* [Task statement]
Could you print the stretch of lines below from the one with "Manggo or mango" through the one with "Mississippi Cash 3 Evening Results", exactly as they stand and without any pictures?

* [Task inputs]
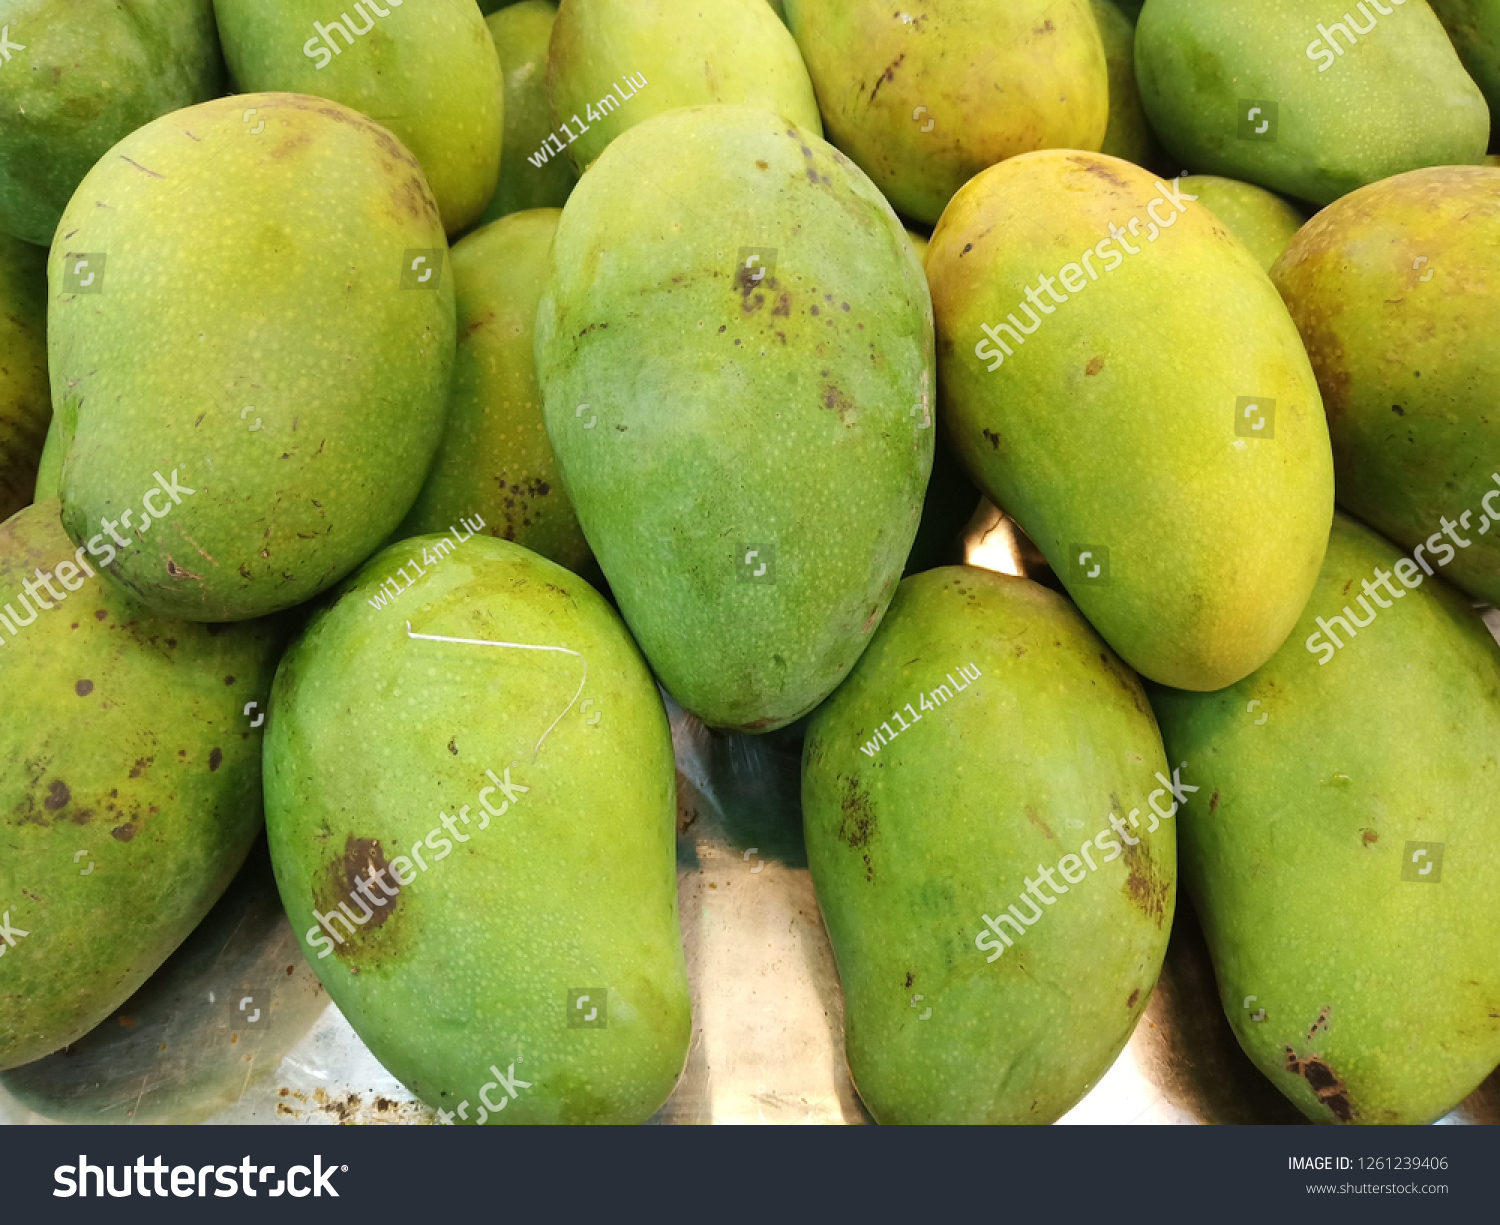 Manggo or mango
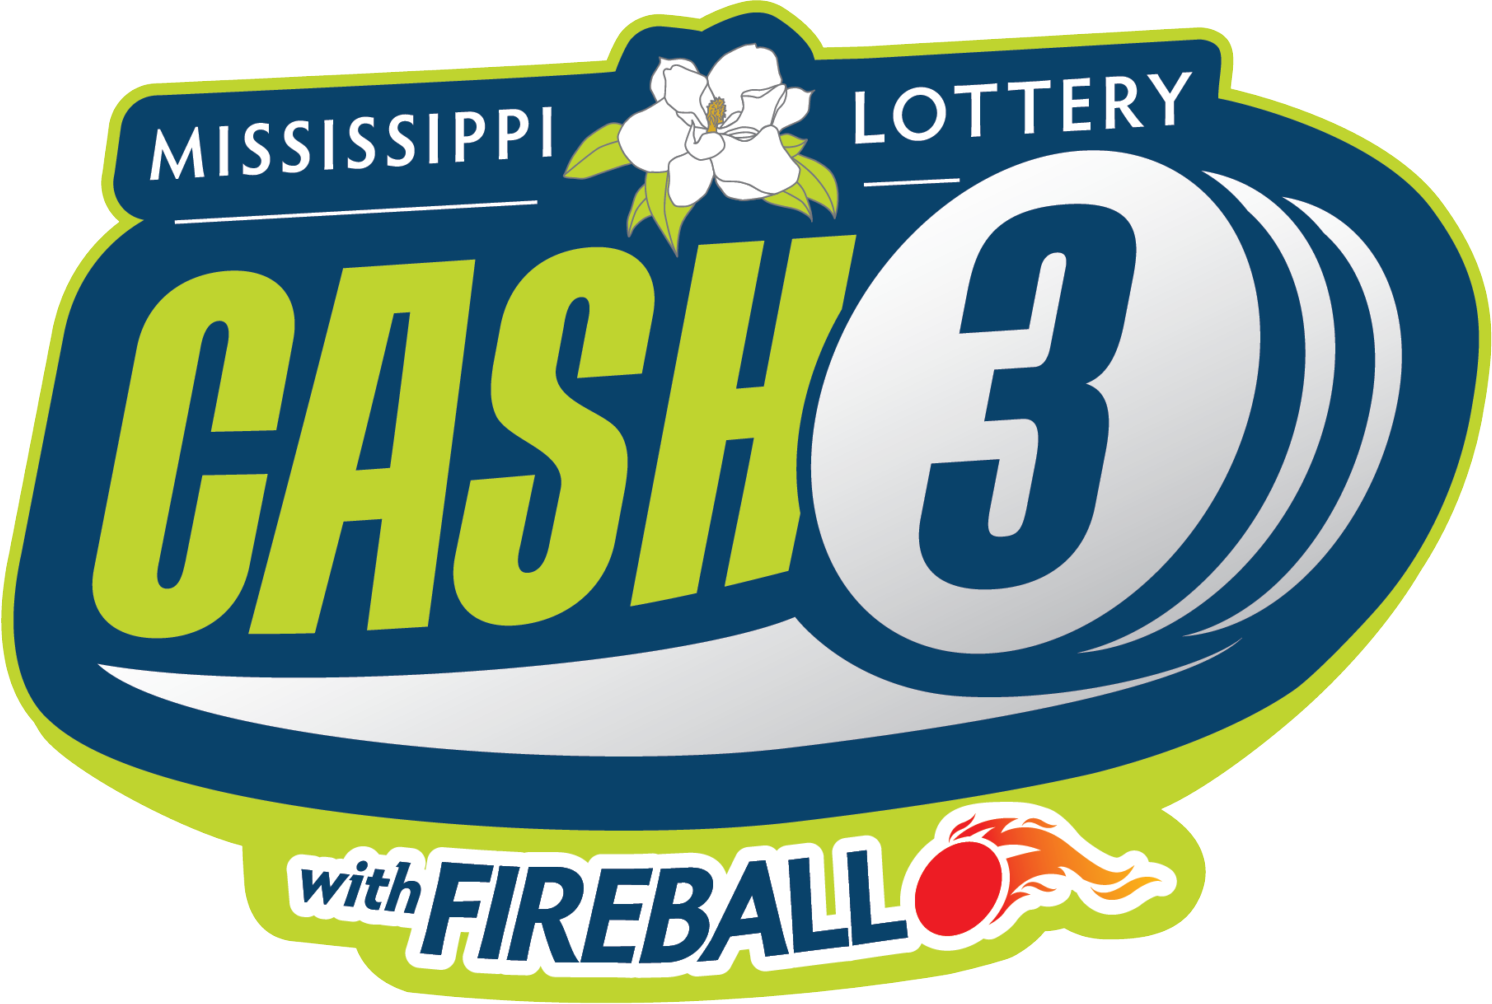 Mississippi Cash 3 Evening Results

* * *

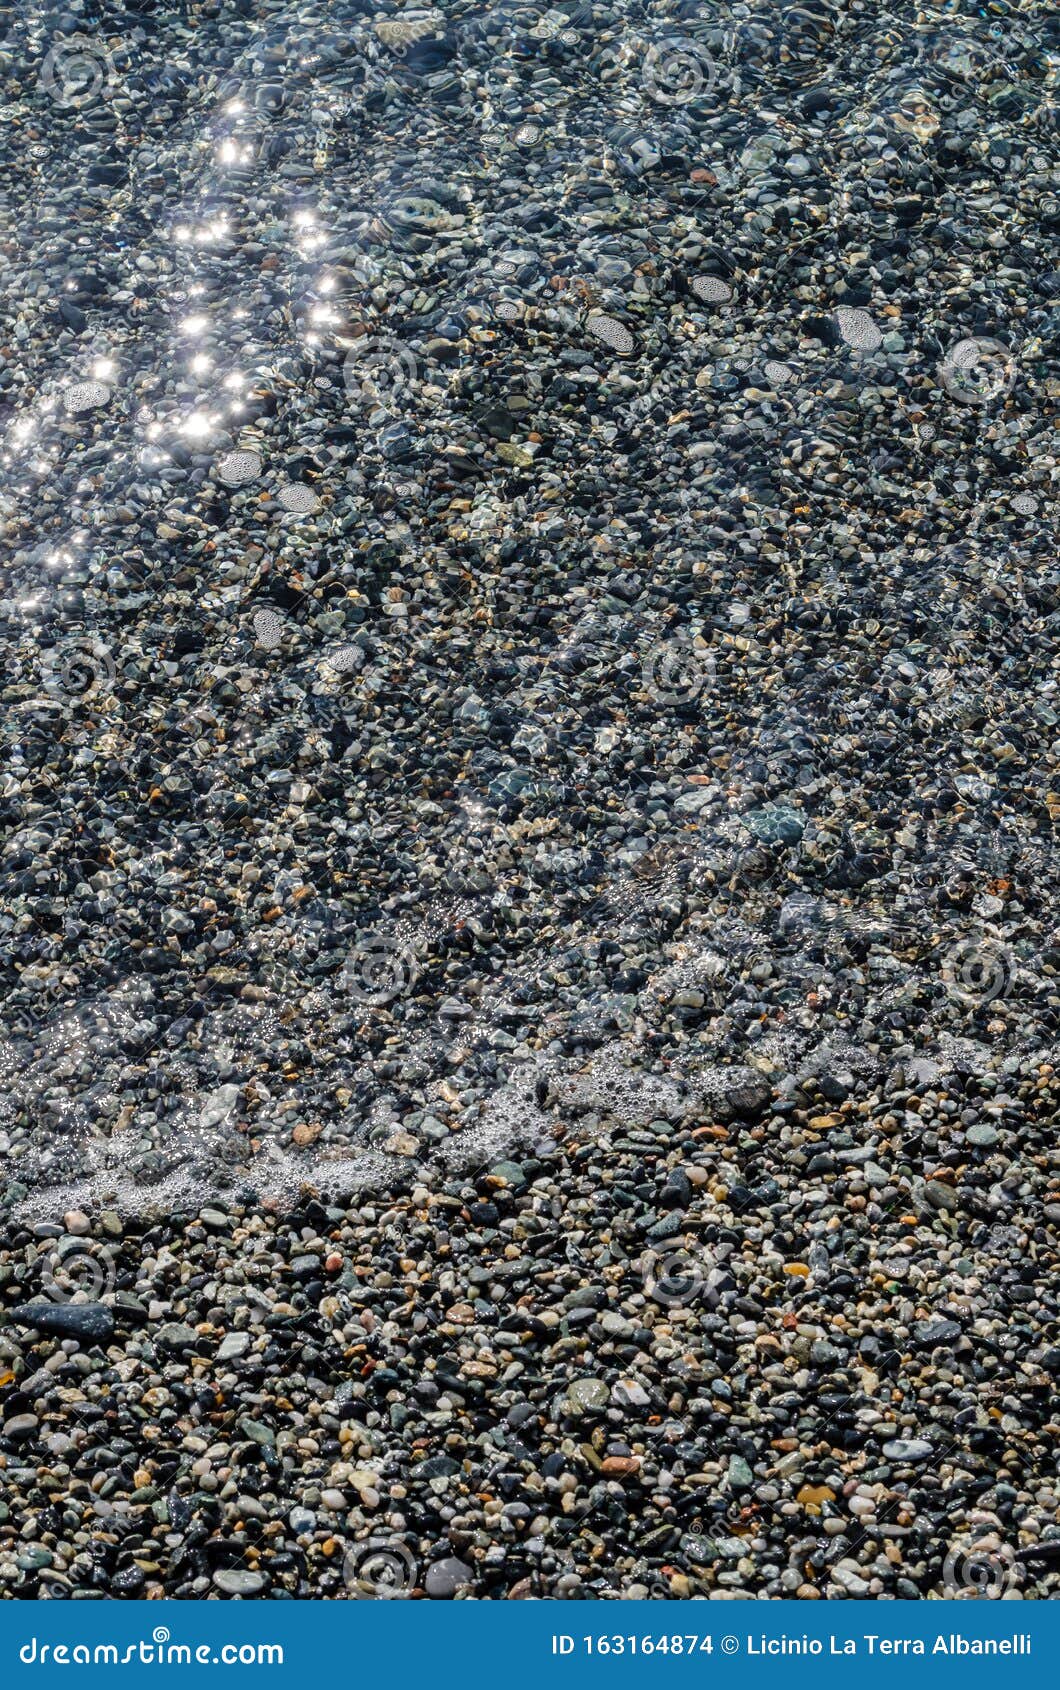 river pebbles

* [Output of the exercise]
 Manggo or mango
 Mississippi Cash 3 Evening Results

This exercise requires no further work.